Snake Stones

Fossil ammonite


...a thousand snakes each one
Was changed into a coil of stone
When holy Hilda prayed.
                                    Sir Walter Scott



A.R. introduced me to a new term yesterday: snakestones.  This is what fossil ammonites used to be  called.  Until natural historians started coming up with some better explanations for the existence of fossils (and there were some clever ones along the way), it was left to legend to explain their presence.  In the north, the Saxon Abbess of Whitby, St.Hilda, was given credit for turning a plague of snakes into stones.  Whether belief in her powers reached as far as the Isle of Portland is unknown by me so far, but ammonites were called snakestones in Dorset too.

After looking at the pictures of some of the fantastic fossils that had been dug out of the quarries, I have been wondering what Portlanders thought about these curious things.  Dealing with them first hand in their daily labors would mean that they had to have had some pretty definite opinions on the matter, one would think.

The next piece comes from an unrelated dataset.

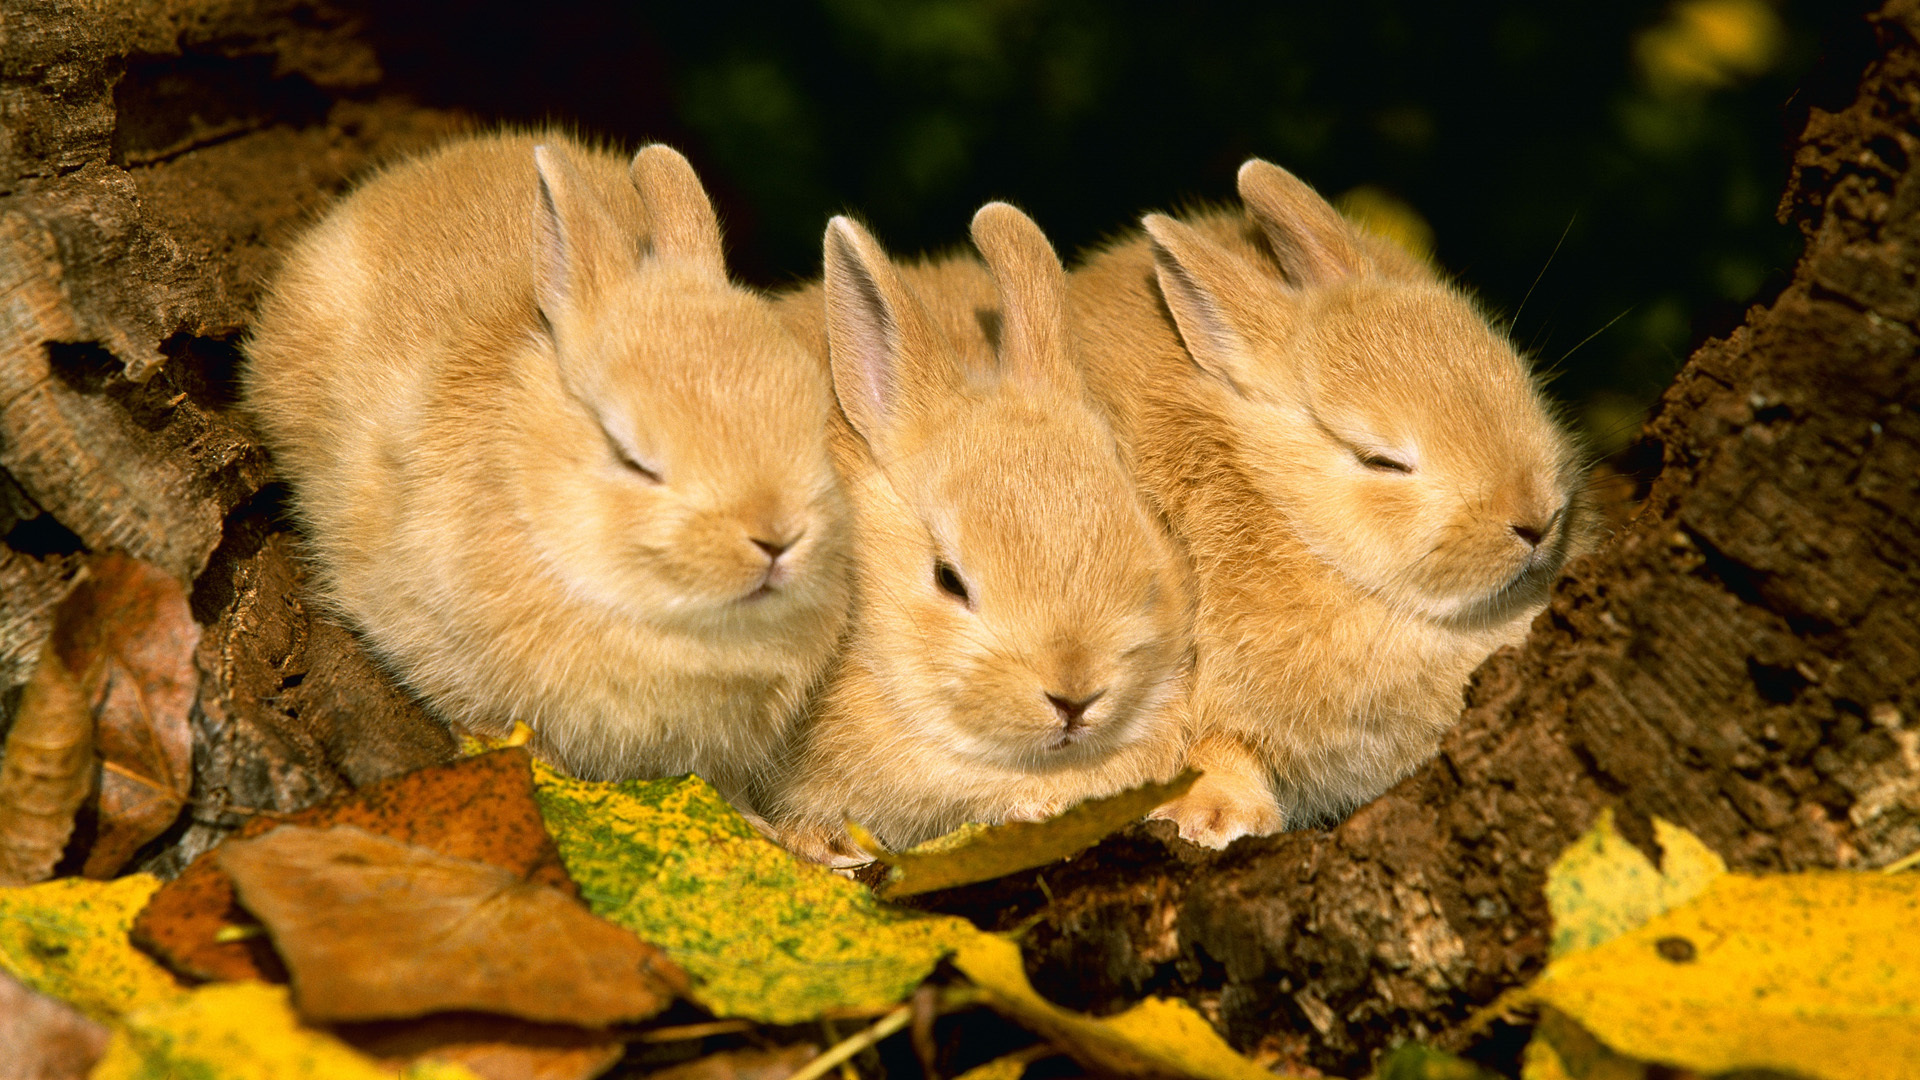 кролик девушка природа животное бесплатно

More on this topic soon.  


What is also becoming patently clear is that I am not going to find out an awful lot about the women and girls of Portland - other than maternity-related facts - as it's the men and their labors that have (as per boringly usual), been the stuff of historical record.  What were the women all doing day after day while the men were killing themselves hammering rocks out of the earth's crust?  Were there any Mary Annnings among my distant cousins scrabbling about collecting fossils?  Writers, chroniclers, quiet thinkers working in a shop that never got an inch of inkspace allotted to them for posterity?  What were the women who worked in the quarries doing?  Portlanders were reported to be such independent spirits, so was it the women that provided the collective backbone?   Probably... but how will I find out in what way?